Ghana-born Yaa Gyasi is the author of "Transcendent Kingdom."

Ghana-born Yaa Gyasi is the author of "Transcendent Kingdom." Credit: Peter Hurley

Yaa Gyasi's 2016 debut, "Homegoing," was a critical and commercial success. Her second novel, "Transcendent Kingdom" (Knopf, 288 pp., $27.95), focuses on Gifty, a woman born in the U.S. to Ghanaian immigrants. Gifty's childhood revolves around church; in adulthood, she focuses on scientific research.

Gyasi talked about the tension between faith and science, depicting depression and anti-racism writing.

The tension between science and religious faith is one of the novel's central conflicts. We're living through a period of backlash against science. Did that affect your approach?

A: I suppose if it affected the writing, it was in the understanding that science and culture are inextricable, not least of all because scientists are people who are shaped by their own circumstances and cultures. Those cultures influence what a scientist might notice, the questions she might ask.

This is just one of the many reasons that it's a huge problem that there is a dearth of Black people in STEM, a dearth of women in STEM. It limits the scope of interrogation, narrows the lens. … I think the backlash that we're currently seeing is partly distrust, wherein the distrust is a reaction to an inept, corrupt, confusing or otherwise harmful government, and it's also partly an example of American individualism taken to its worst extreme — the idea that we don't owe anyone anything, when in fact, in the interest of public health, we owe each other quite a bit.
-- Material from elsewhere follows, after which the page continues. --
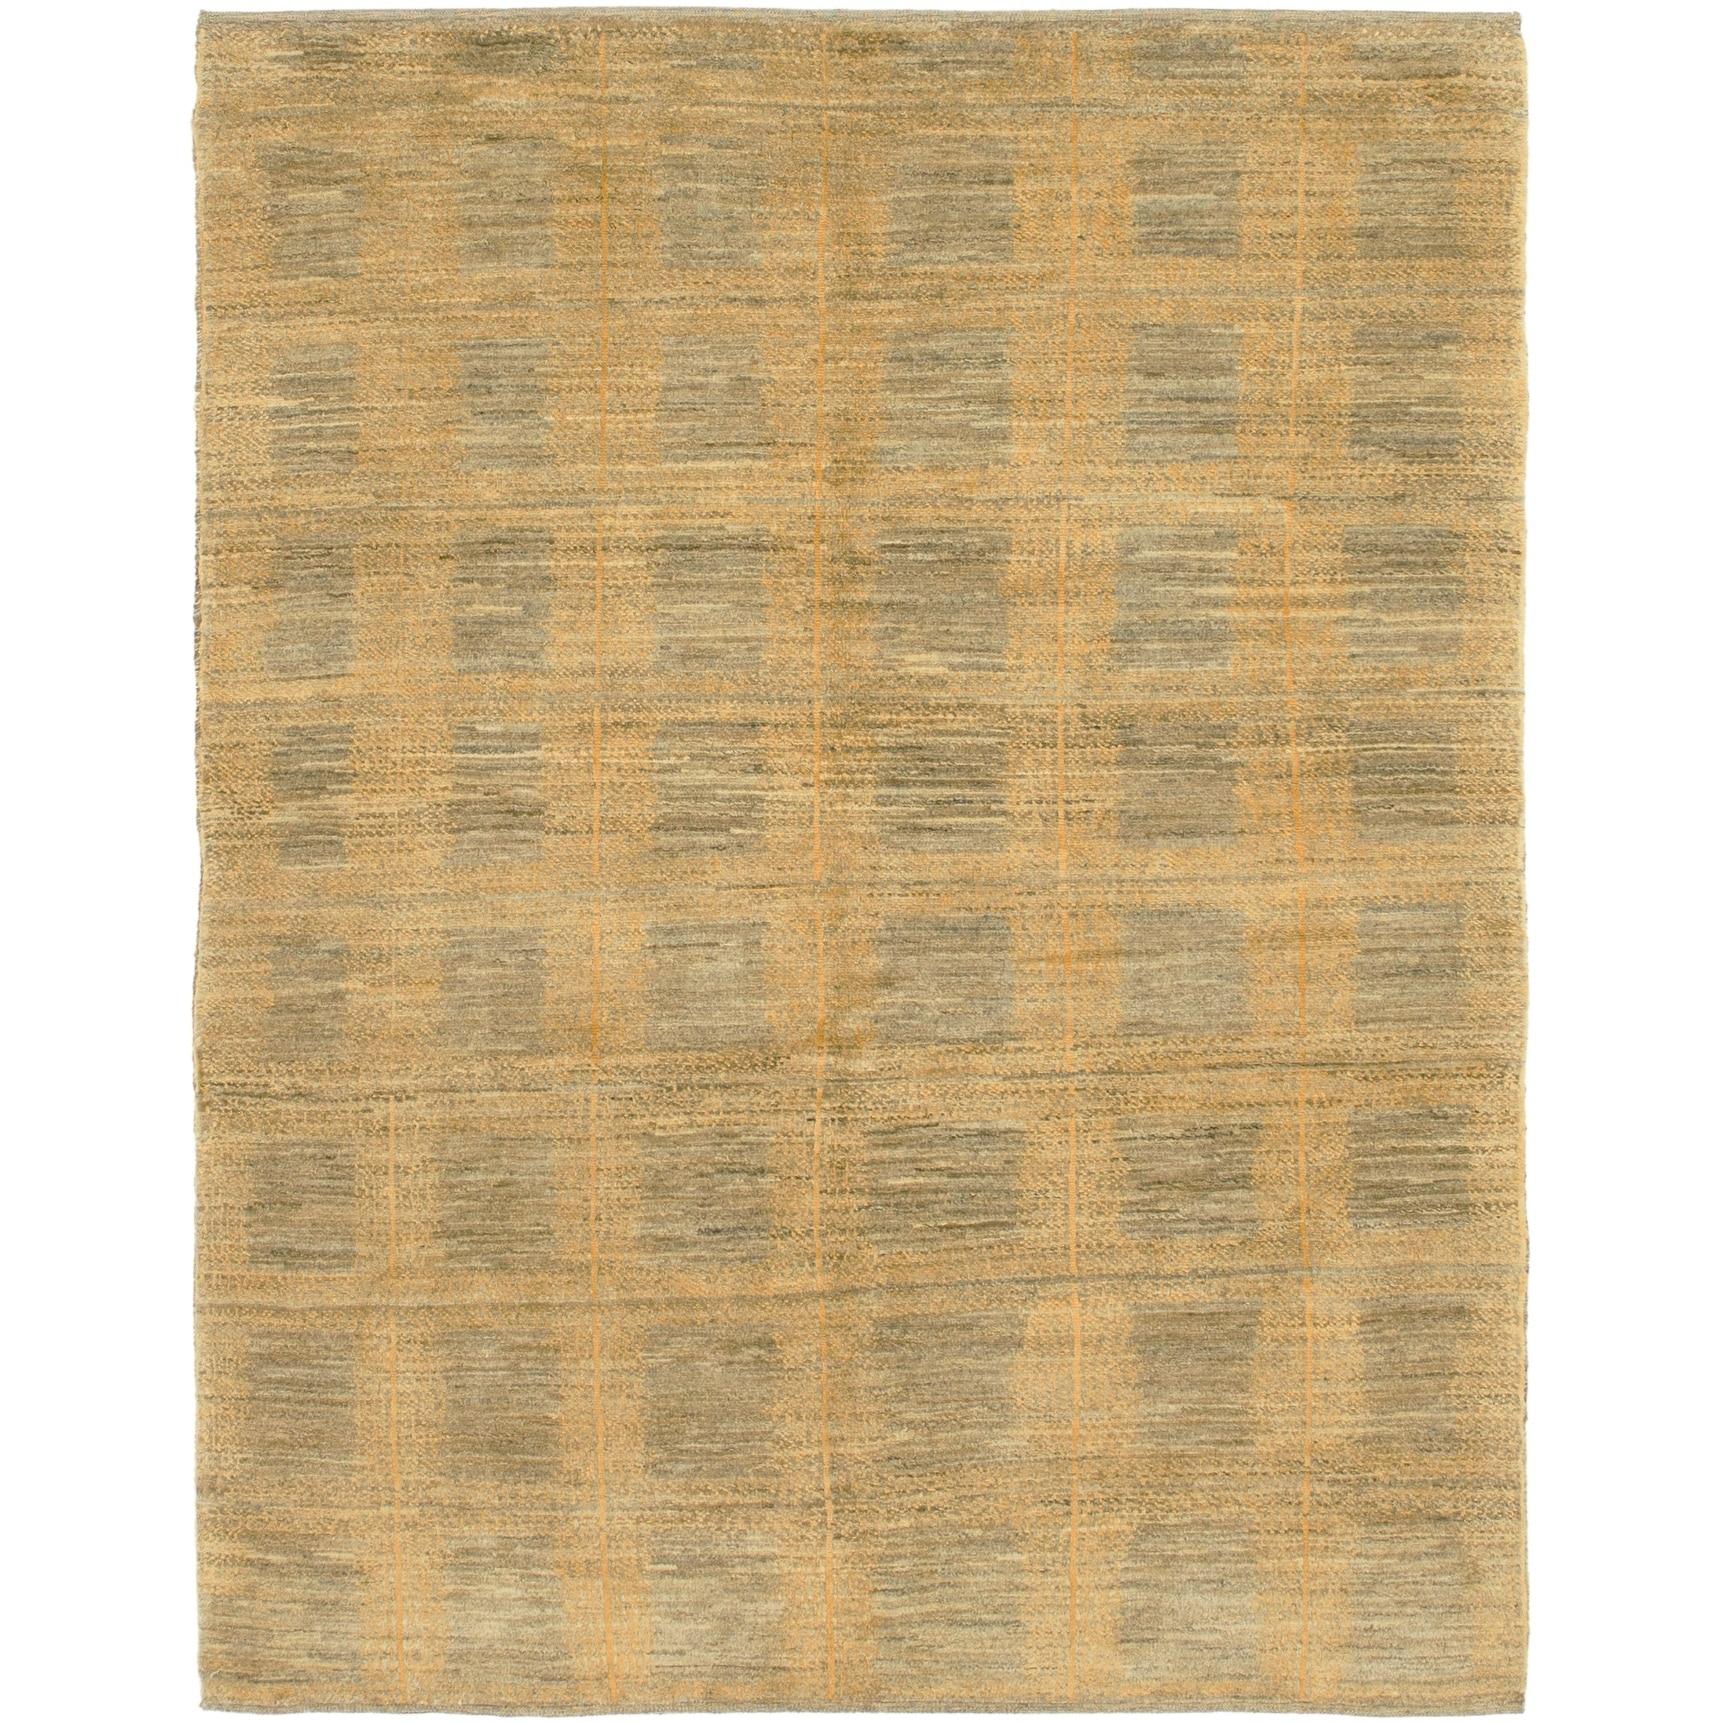 Hand Knotted Kashkuli Gabbeh Wool Area Rug - 4 10 x 6 5 (Brown - 4 10 x 6 5)

Gifty must navigate her mother's severe depression, which leaves her unable to get out of bed. How did you manage to make inertia compelling?

The first chapter ends with the line, "But my mother, in her bed, infinitely still, was wild inside," and I think using this line as a kind of guide allowed me to combat the inertia that might otherwise be inherent to having a character confined to bed.

Gifty's mother is suffering from depression, but she, as a fully embodied human being like anyone else, is compelling, lively, complicated, real. For me, every scene where she appears is full of propulsive energy. We get to see her through Gifty, and she is fierce, formidable, strong-willed — anything but inert.

Nonfiction anti-racism books by authors such as Ijeoma Oluo and Ibram X. Kendi have been in high demand. How do you view the novelist's role in exploring racism?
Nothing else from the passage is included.